A similar sentiment appears in the introduction to the “Triptych,” the most explicitly Jewish collection of Rothenberg’s writing, which deals with the Holocaust. There, Rothenberg confirms that he always suspected that poetry was the language of the dead, whose memories and spirits he invites into his text. Recounting the tragic story of his uncle’s family, the poet opens himself “for allowing my uncle’s khurbn to speak through me.” This idea of speaking about his Jewishness in terms of channeling and possession fully culminates in another poem found in “Retrievals”:
Birthday Habdala for Basil Bunting
wine in our mouths
the friend asks
“do they drink to get drunk
“or for a blessing only
I answer in the voice of
some old rabbi
was screaming in his cups
messiah
holiday
hallah
o mine double-flamed
candle in wine
mine fat moustached women
examines his fingernails’
shadows
where the prince of thumbs waits
& knows no blessing without madness
Basil Bunting, the British Modernist poet to whom the poem is dedicated, was a great promoter of the music of poetry and would have enjoyed the poem’s (italicized) screaming.
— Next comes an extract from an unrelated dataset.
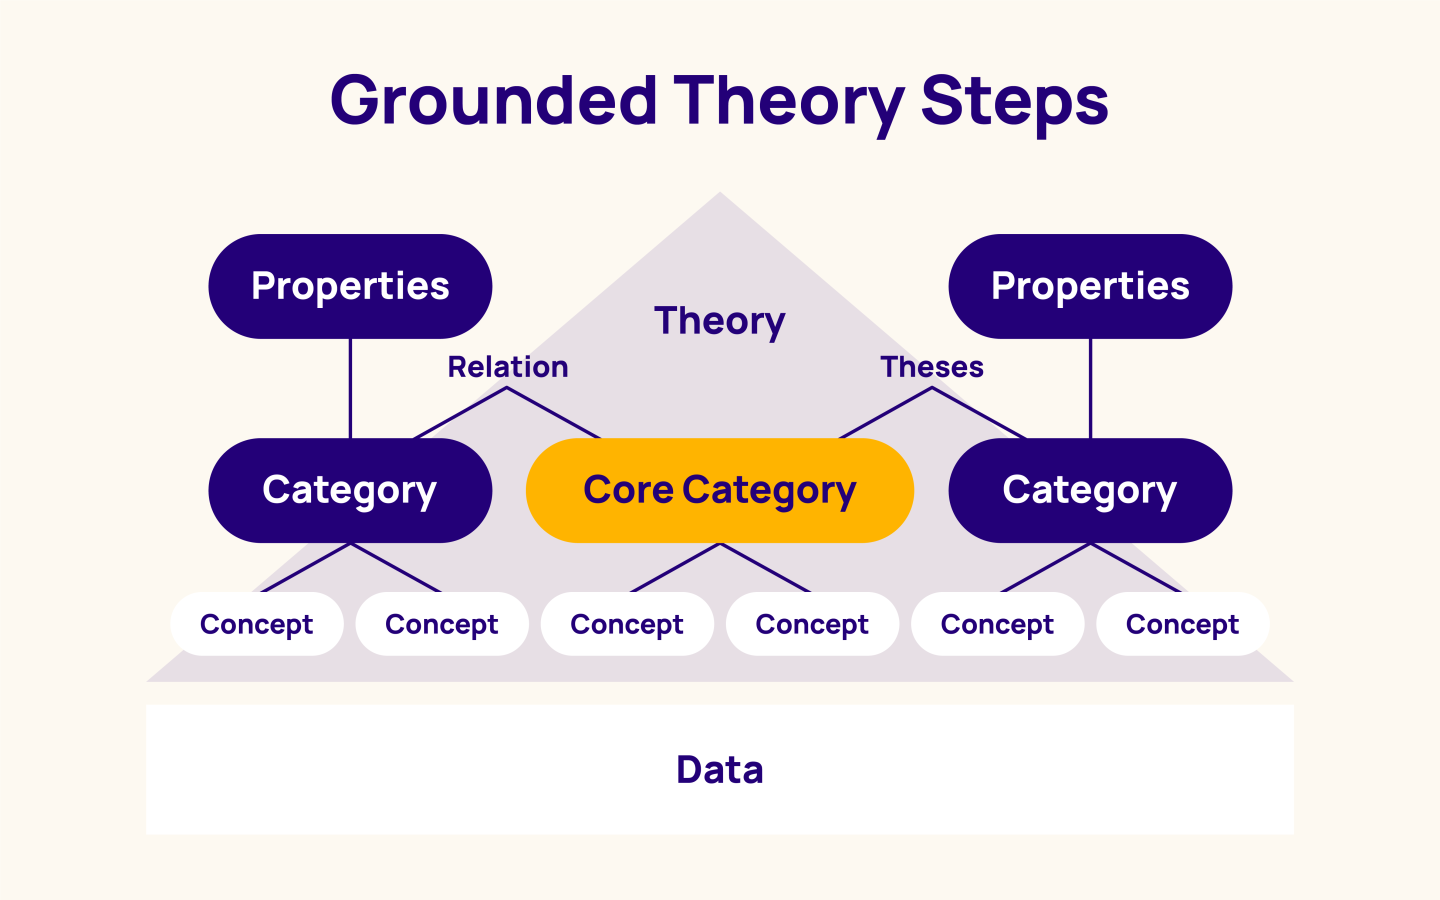 a research question appropriate for a grounded theory approach is

The piece describes the havdalah ceremony, performed at the end of shabbos and meant to separate shabbos from the rest of the week. Thus poised on the razor-thin moment between the sacred and profane, the poet is both taken aback and inspired by his friend’s question and, possessed, channels “some old rabbi… screaming in his cups.” He blurts out a stream of free associations and, in doing so, answers his friend’s question. From this state he concludes that one “knows no blessing without madness.” That is to say, the sacred impulse is never quite separate from chaos and desire, blessing is never for its own sake, and the heavens, more often than not, can be found in one’s very own mouth.
Staying true to his goal of retrieval, the poet unearths some material that is more interesting in that context than elsewhere. Yet the caliber of most of the poems is such that it is hard not to wish for immediate publication of a comprehensive collected edition. One also can’t help but wonder how the trajectory of Rothenberg’s work will continue in the years to come. May he live to the age of 120, and on his way, along the lines of his piece “the last jewish poet,” his oeuvre will become ever more unraveled into a Kafkaesque paradox, infused with humor that’s Rothenberg’s own:
a toothless jew
in paradise how gently
blow these winds
over miami!
Jake Marmer writes about poetry for the Forward.